By Kim Chernecky
No-one wants to think about their mortality but the fact is everyone will die someday. The problem is we don’t know when. It could be tomorrow or 40 years from now, but without taking the time to plan ahead, it’s the surviving family members that suffer. The pain of losing a loved one is hard enough without having to scramble for pertinent documents or second-guessing your loved one’s end of life wishes.
By documenting your wishes and making sure important paperwork can be found when the time comes you can help save your surviving family members endless amounts of grief, stress, and pain. Even if the thought has crossed our minds, many of us simply procrastinate, never actually writing the will or expressing our wishes to our children, leaving many things unsaid and undecided.
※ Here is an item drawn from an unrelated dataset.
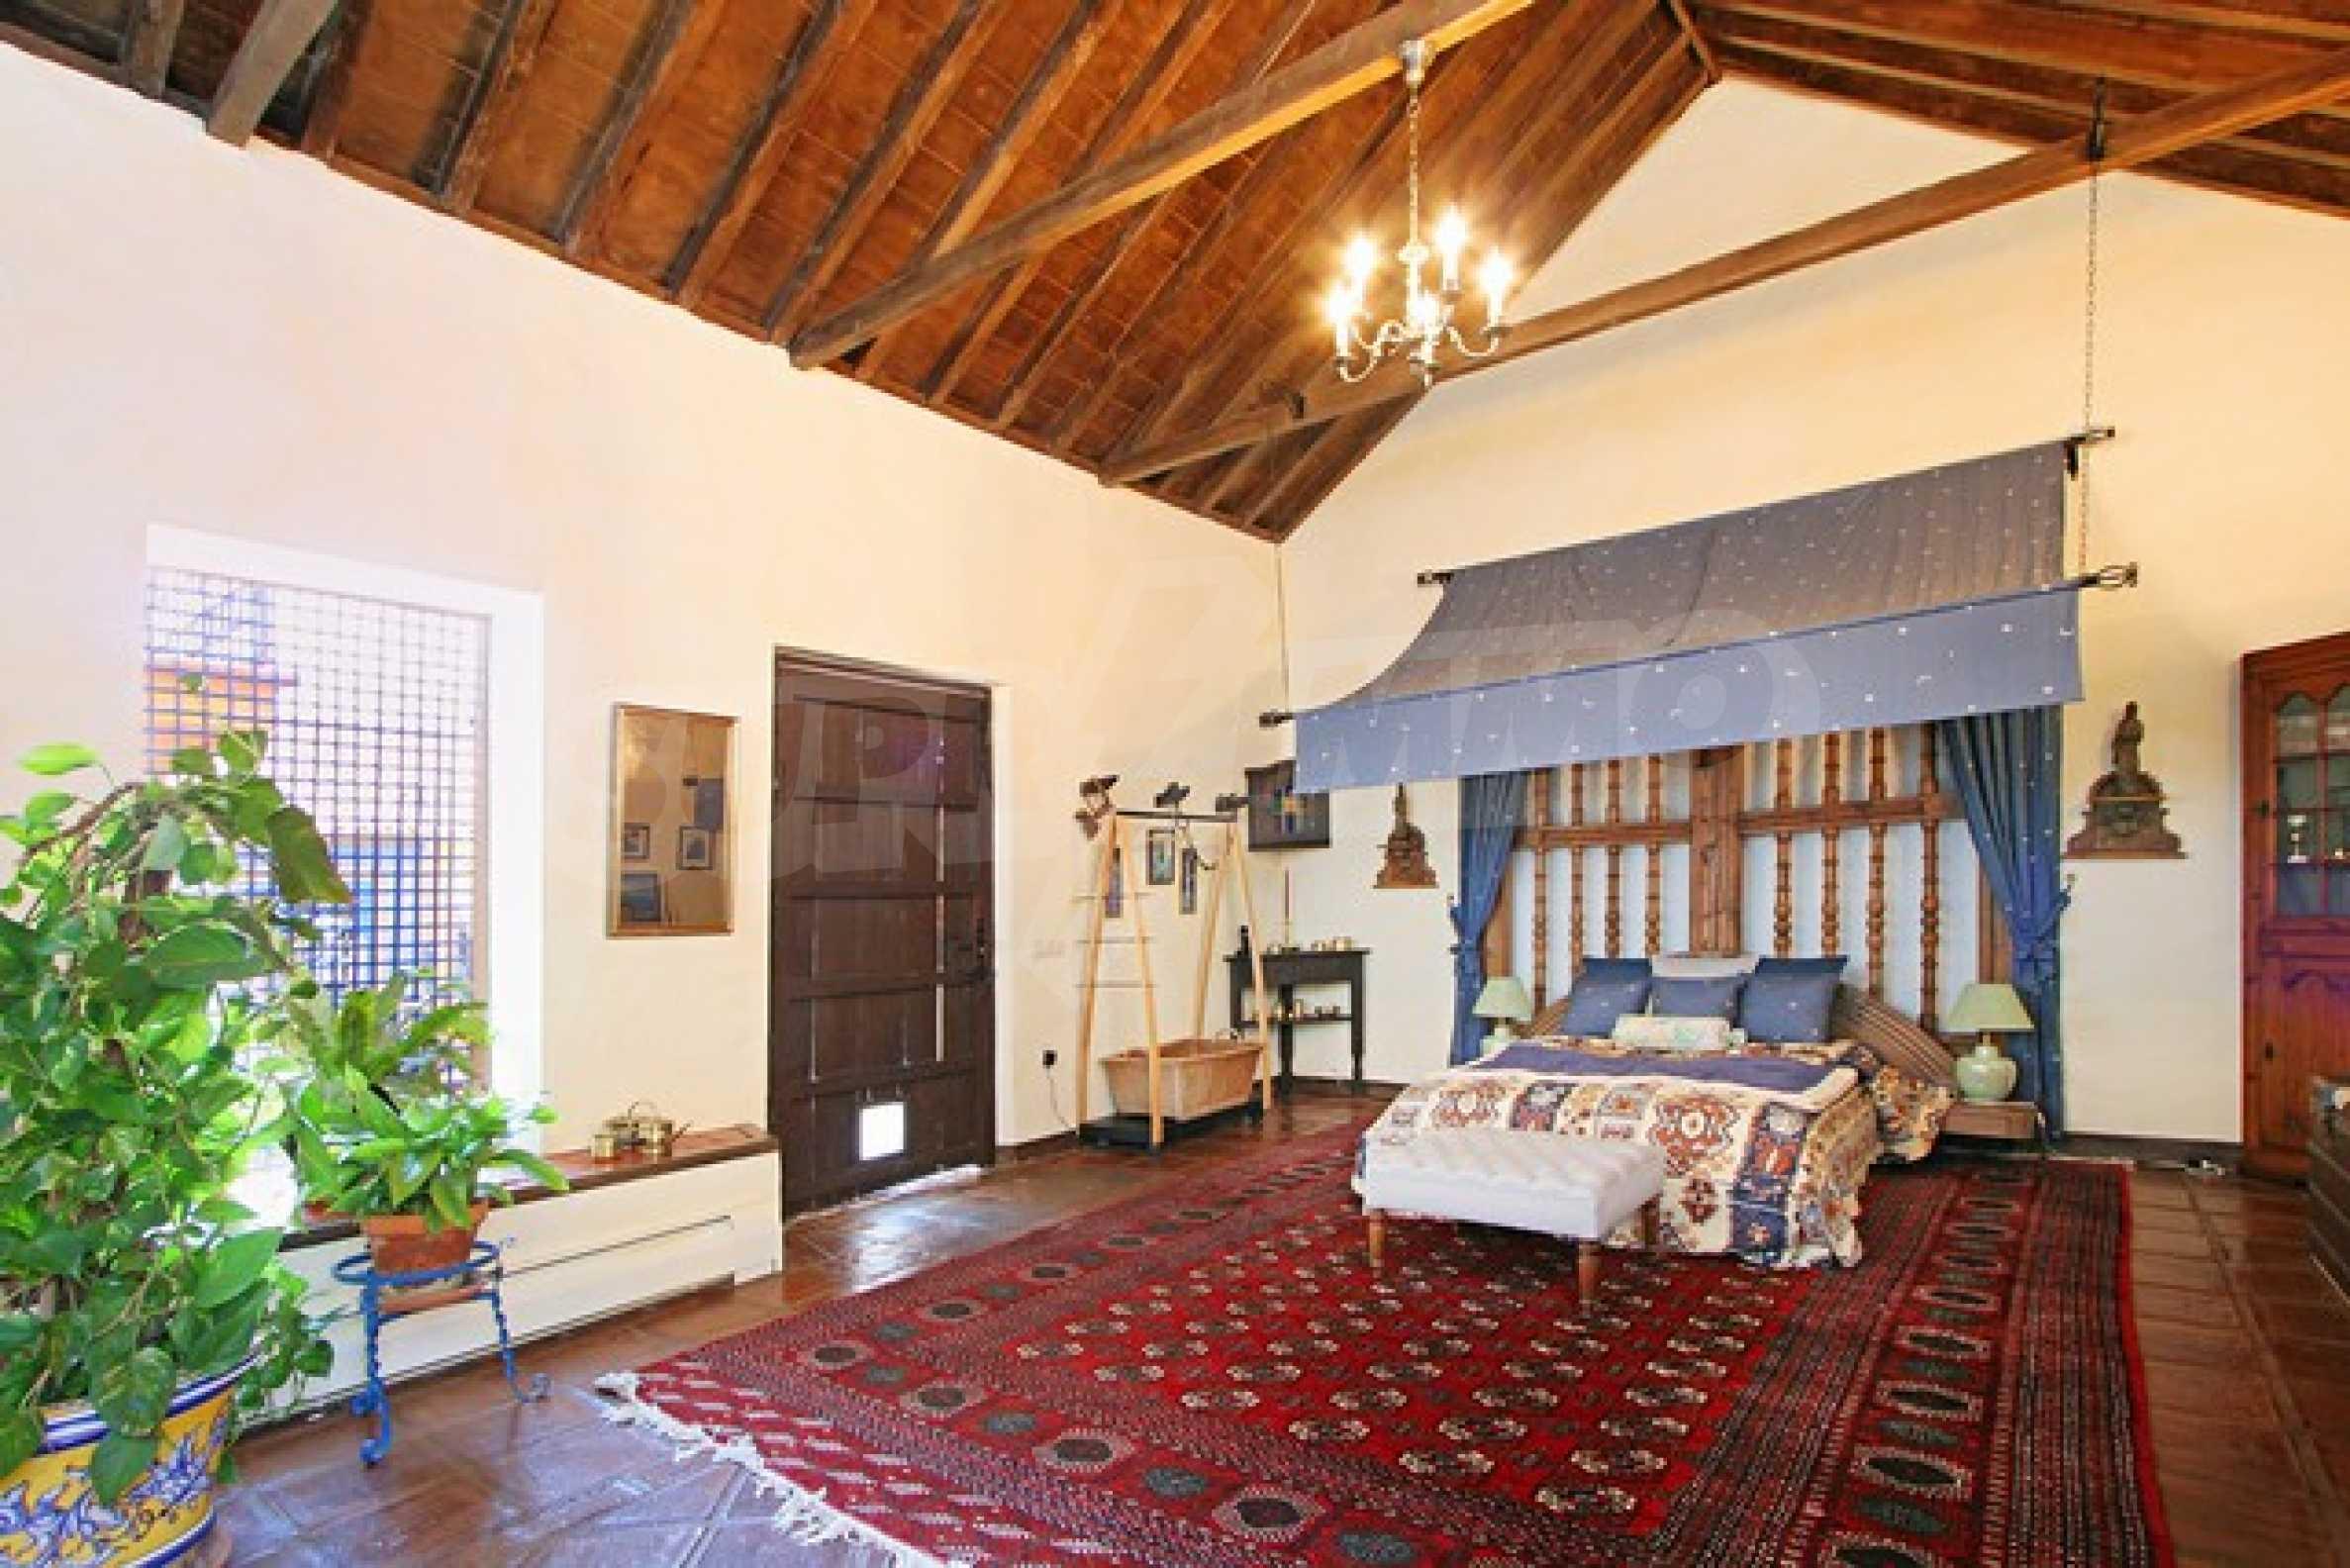 Къща в испански стил 18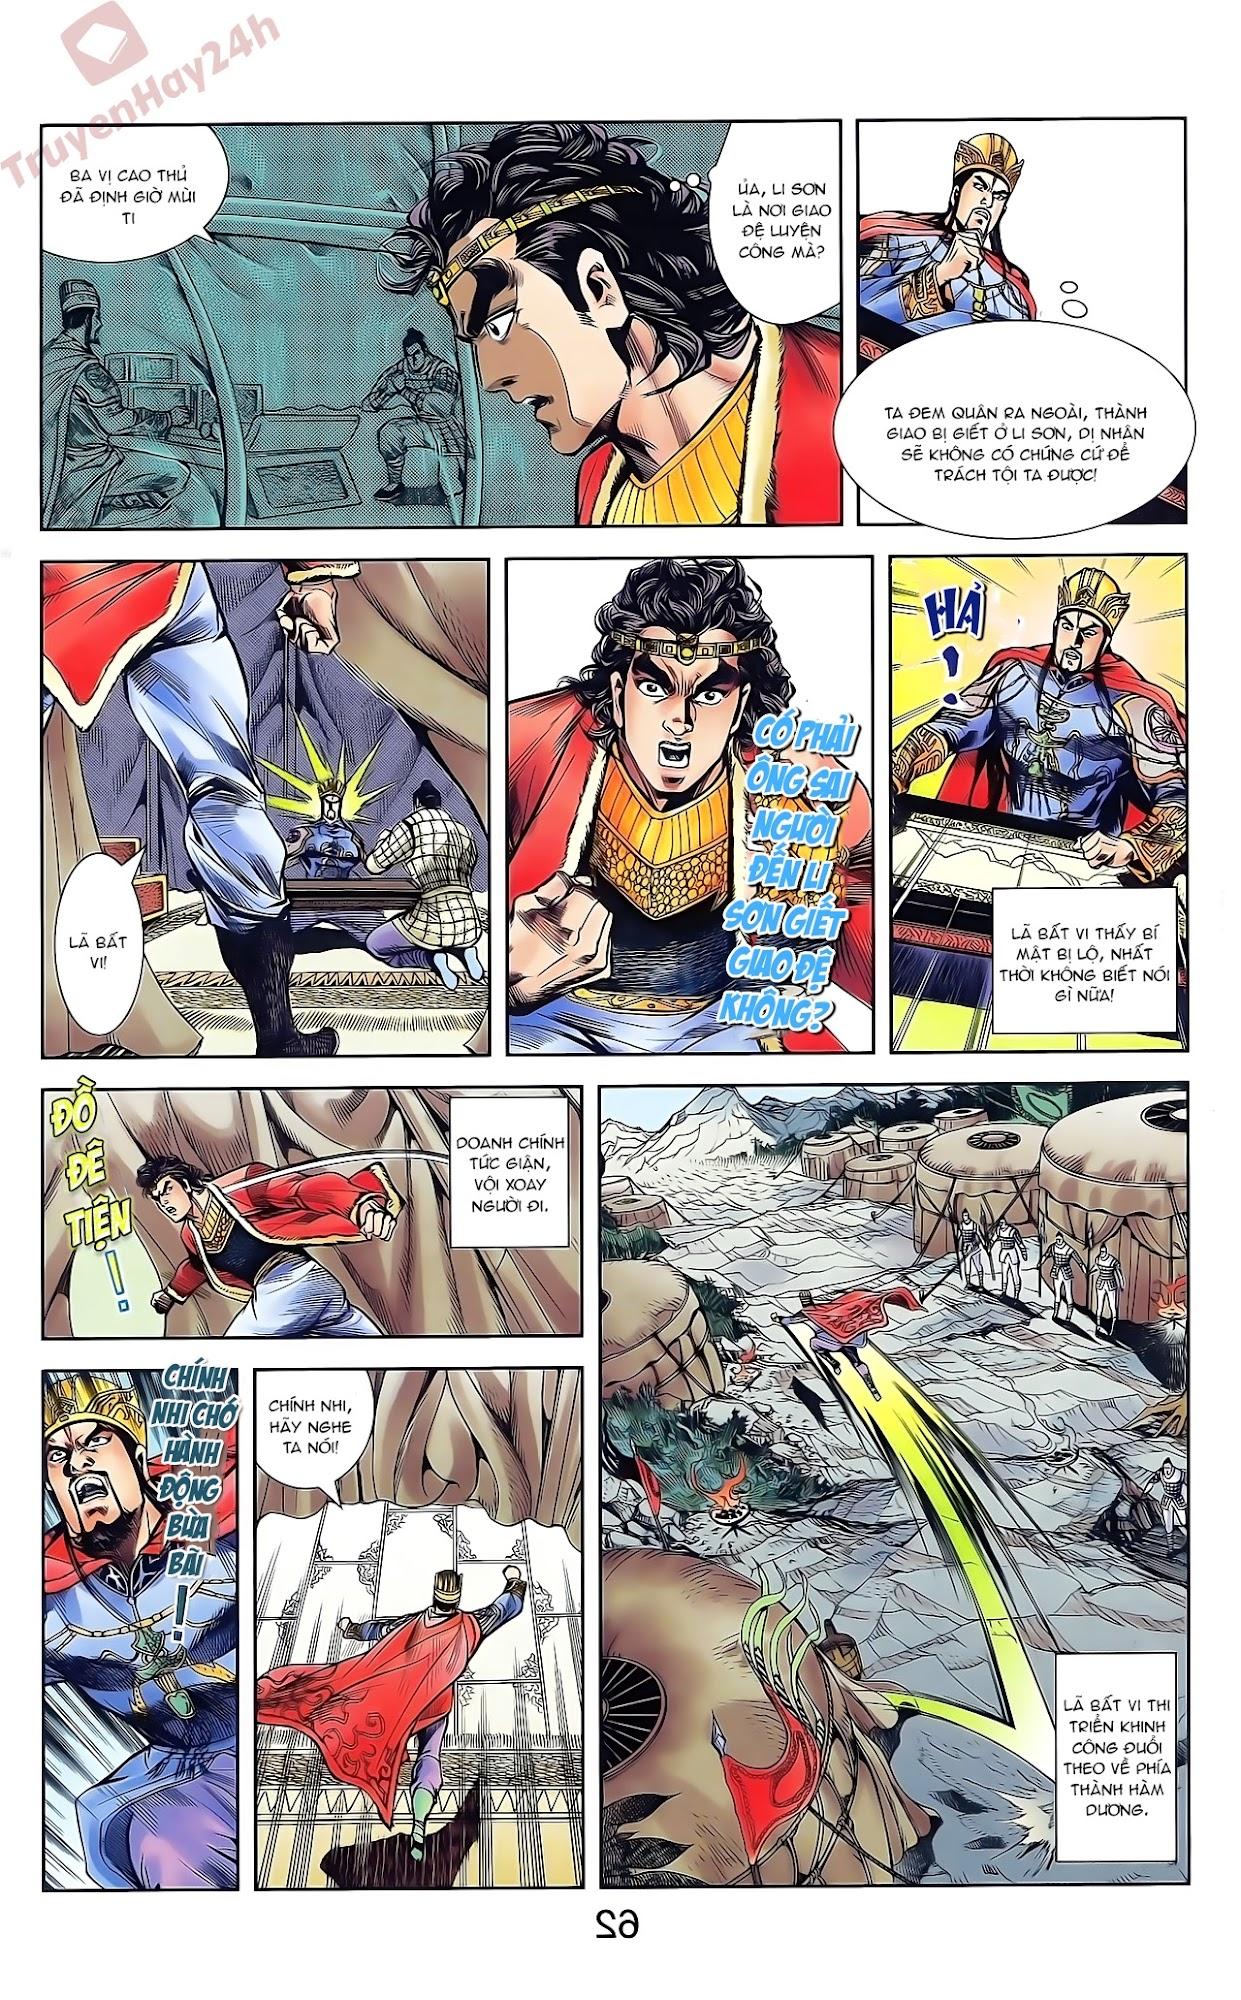 Tần Vương Doanh Chính chapter 44 trang 14

In the event of an accident or sudden death, family members may not agree on a course of action and fighting ensues, adding more stress to an already tragic situation. With clear instructions about one’s wishes, family members are not forced to make the decision to end life support or scramble to find a way to pay for funeral arrangements because they don’t know if there’s a life insurance policy. In the midst of a tragedy, this only pours salt on the wounds.
Most funeral homes can even assist you with pre-planning your own funeral. You can pre-purchase a plot, pick out the casket, music, readings, and anything else you might like. It can be as simple or as fancy as you desire. You can even write your own obituary. Making the plans yourself saves your loved ones from having to make any decisions during a difficult time. You may even be able to negotiate a discount by pre-planning.
The National Institute of Health has a great article with tips on this subject which can be found at the following link: http://www.nia.nih.gov/healthinformation/publications/affairs.htm
Penn State University offers a free 36-page guide entitled “Getting your Affairs in Order” that I highly recommend. The document was “prepared by Marilyn M. Furry, PhD, Associate professor, financial education, and Nadezhda N. Mamontova, graduate research assistant.”